##### DATASET EXCERPT #####

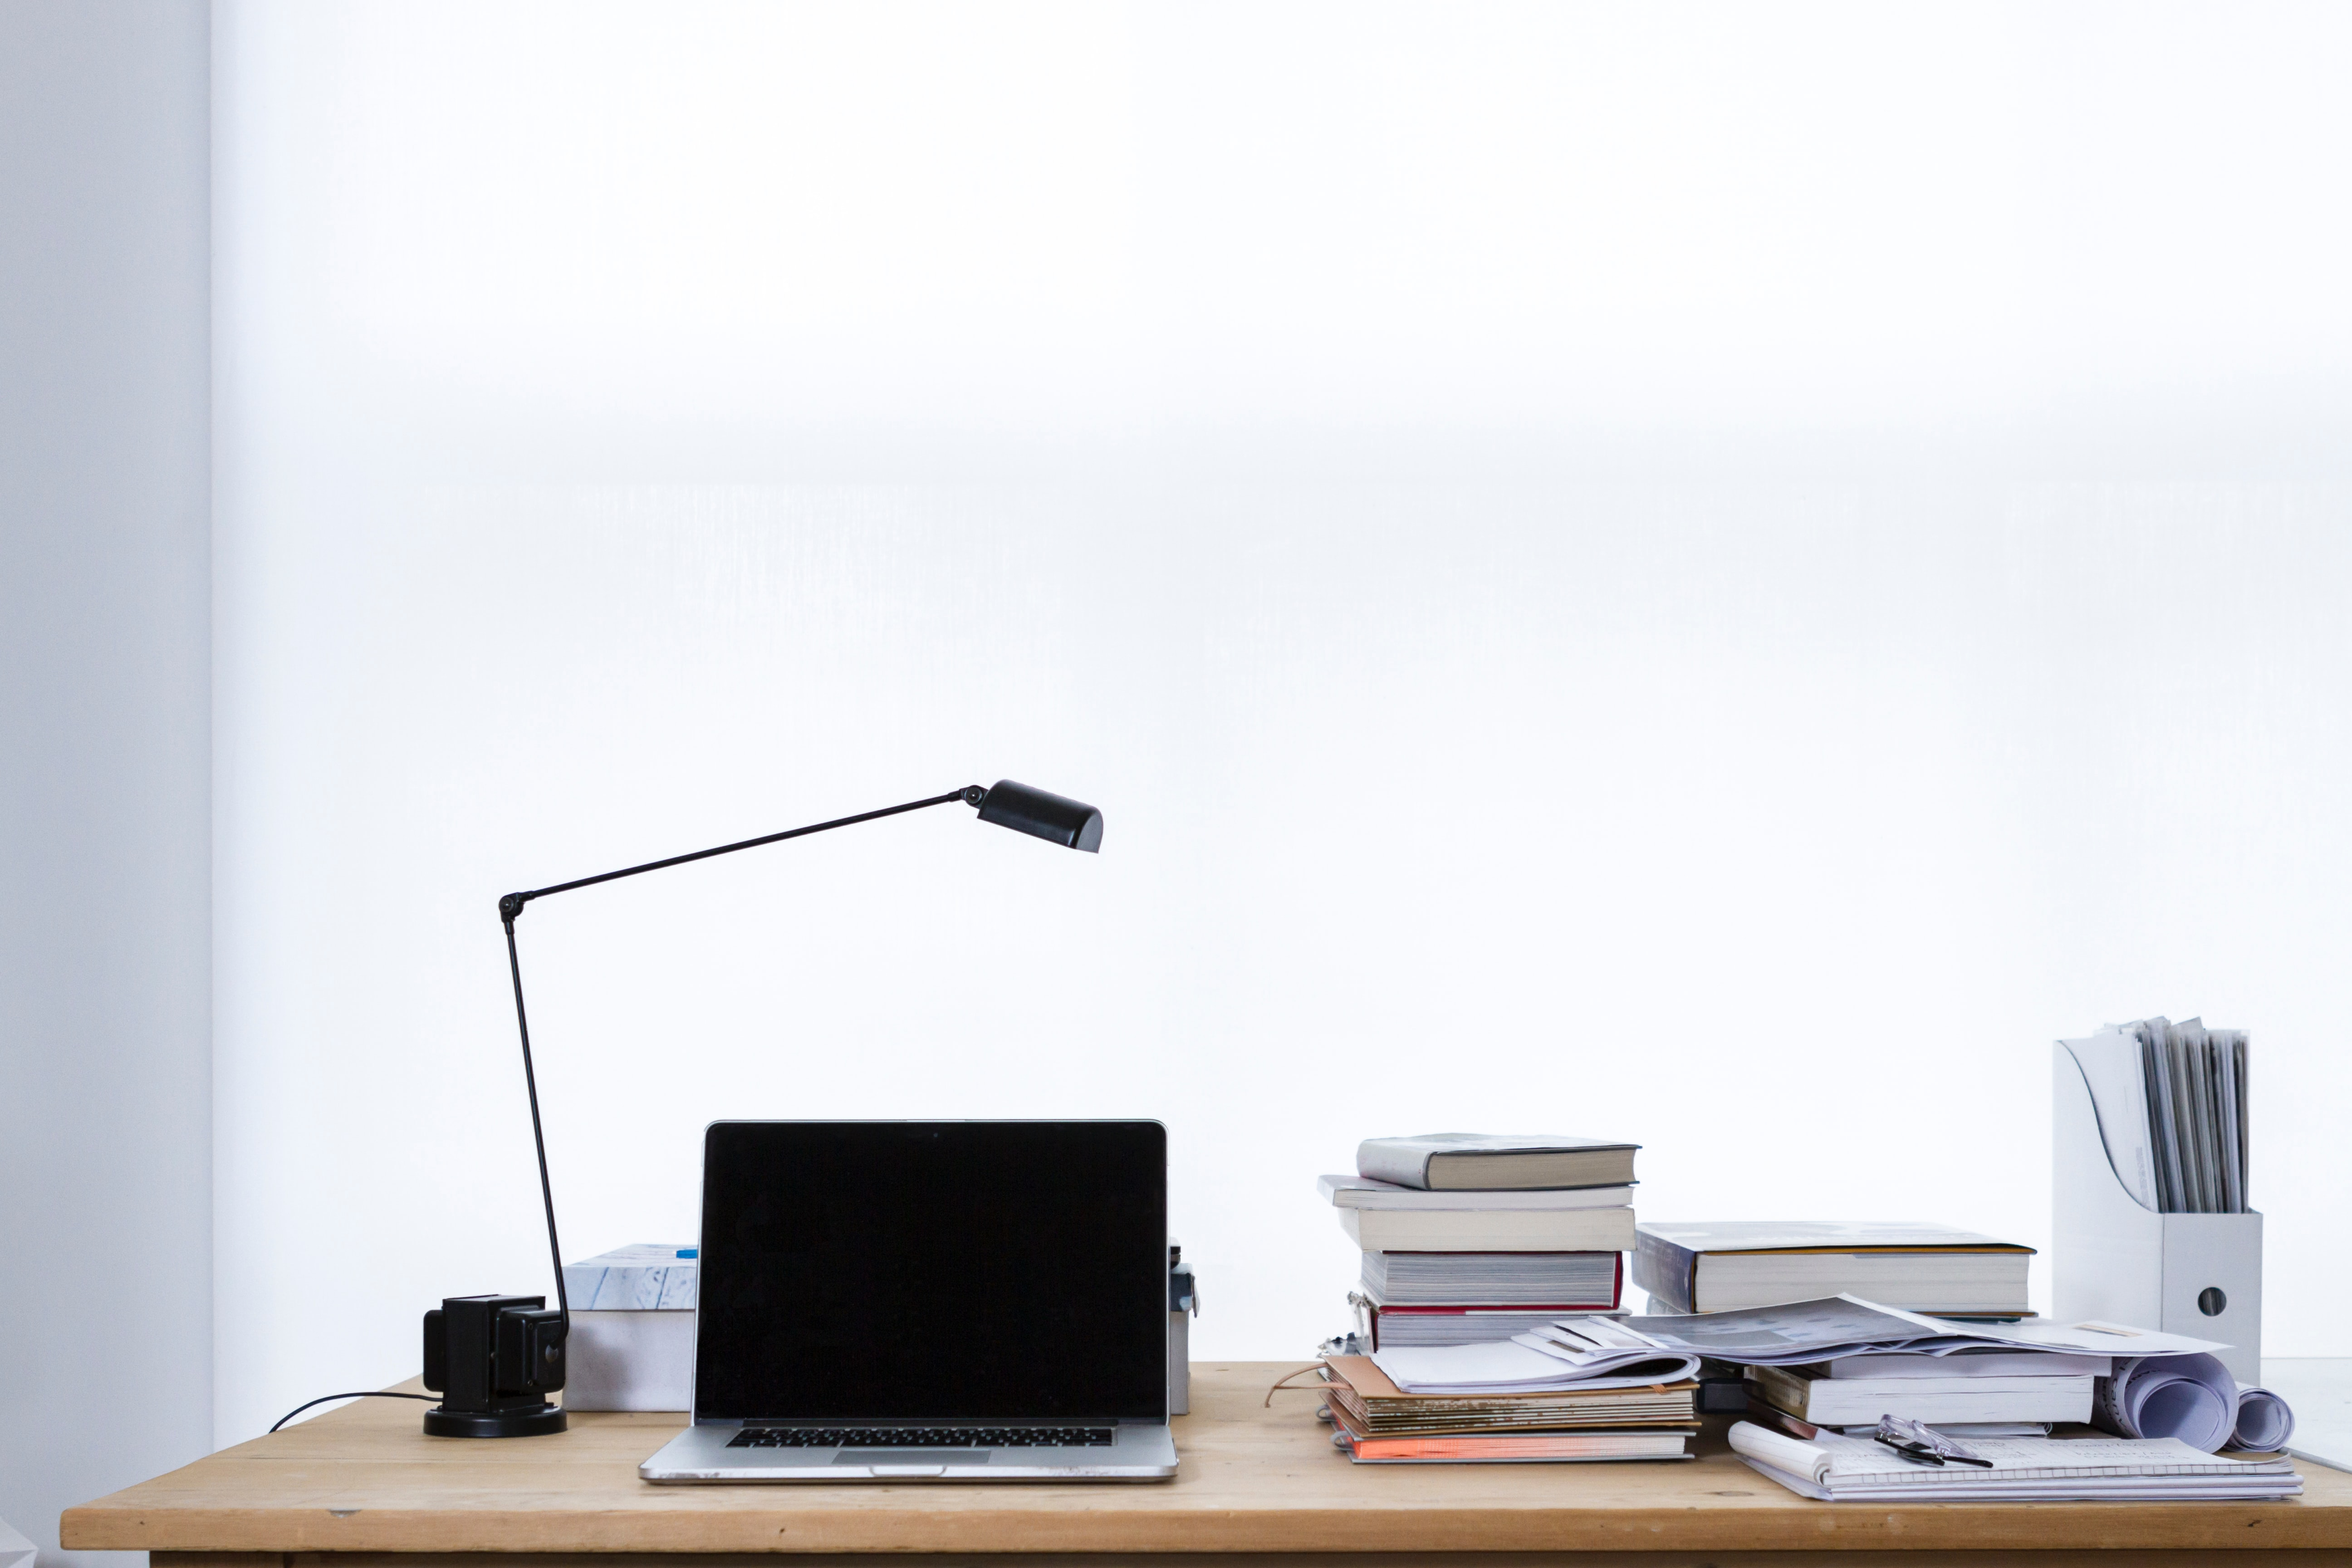 Bureau avec ordinateur portable et livres
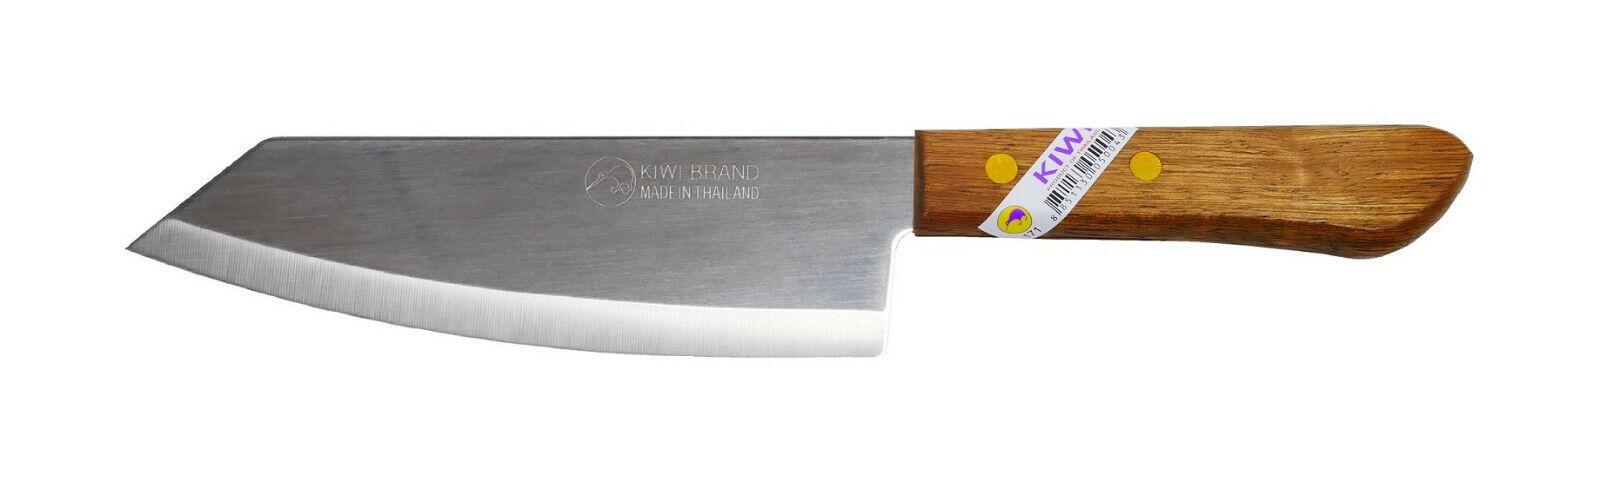 Kiwi thai Küchenmesser Kochmesser # 171 asiatisches Santoku Allzweck Messer
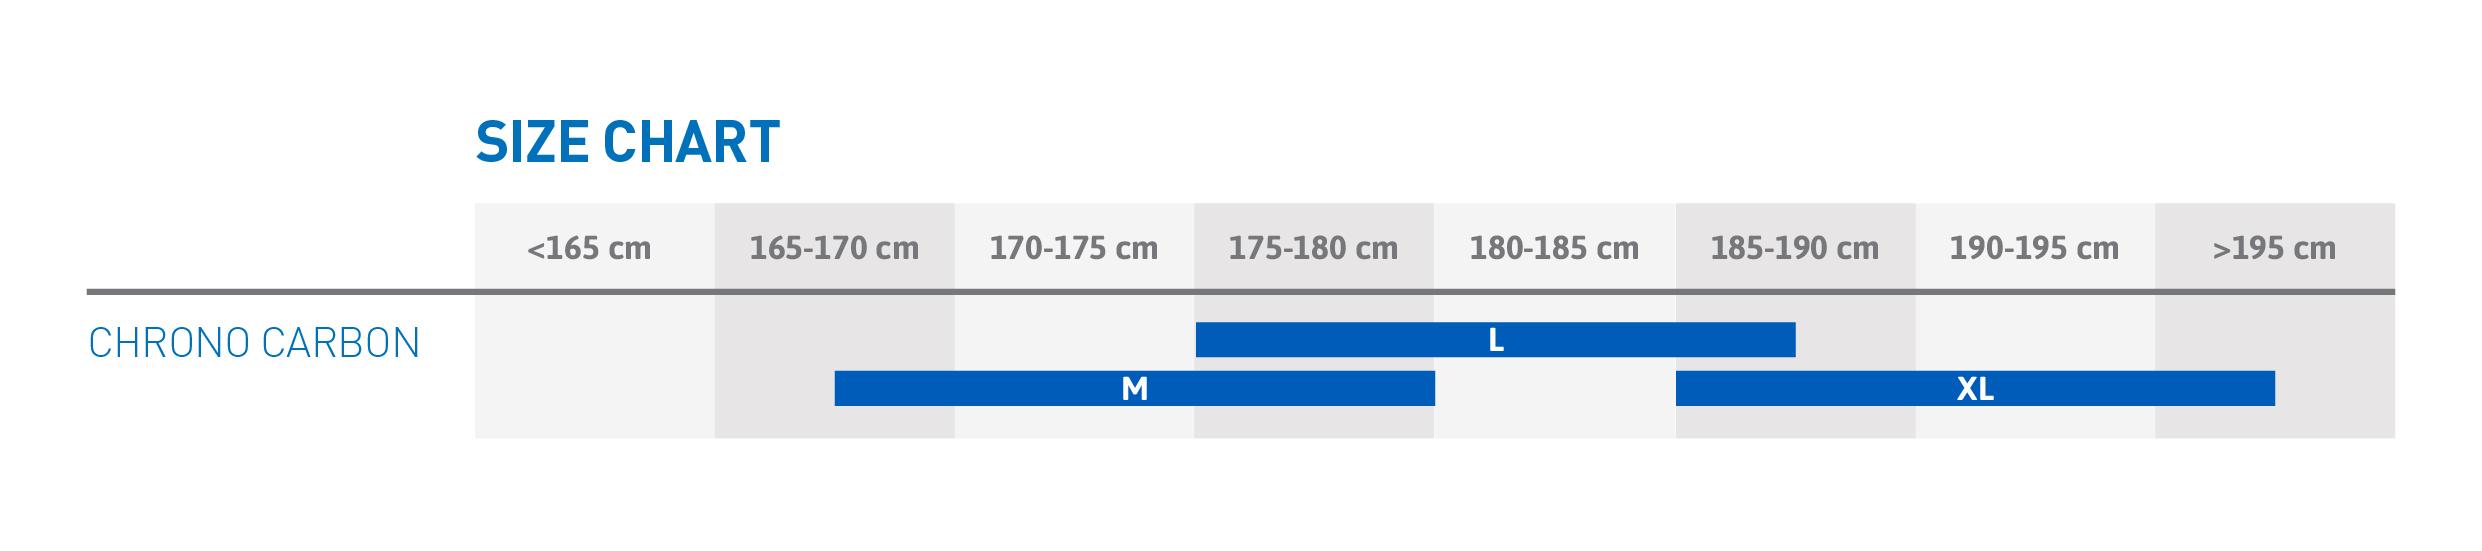 Veľkostná tabuľka - Mondraker CHRONO

#####

▶ PROBLEM DESCRIPTION
What is needed is the data above, retyped exactly, with every picture left out.

▶ EXPECTED ANSWER
 Bureau avec ordinateur portable et livres
 Kiwi thai Küchenmesser Kochmesser # 171 asiatisches Santoku Allzweck Messer
 Veľkostná tabuľka - Mondraker CHRONO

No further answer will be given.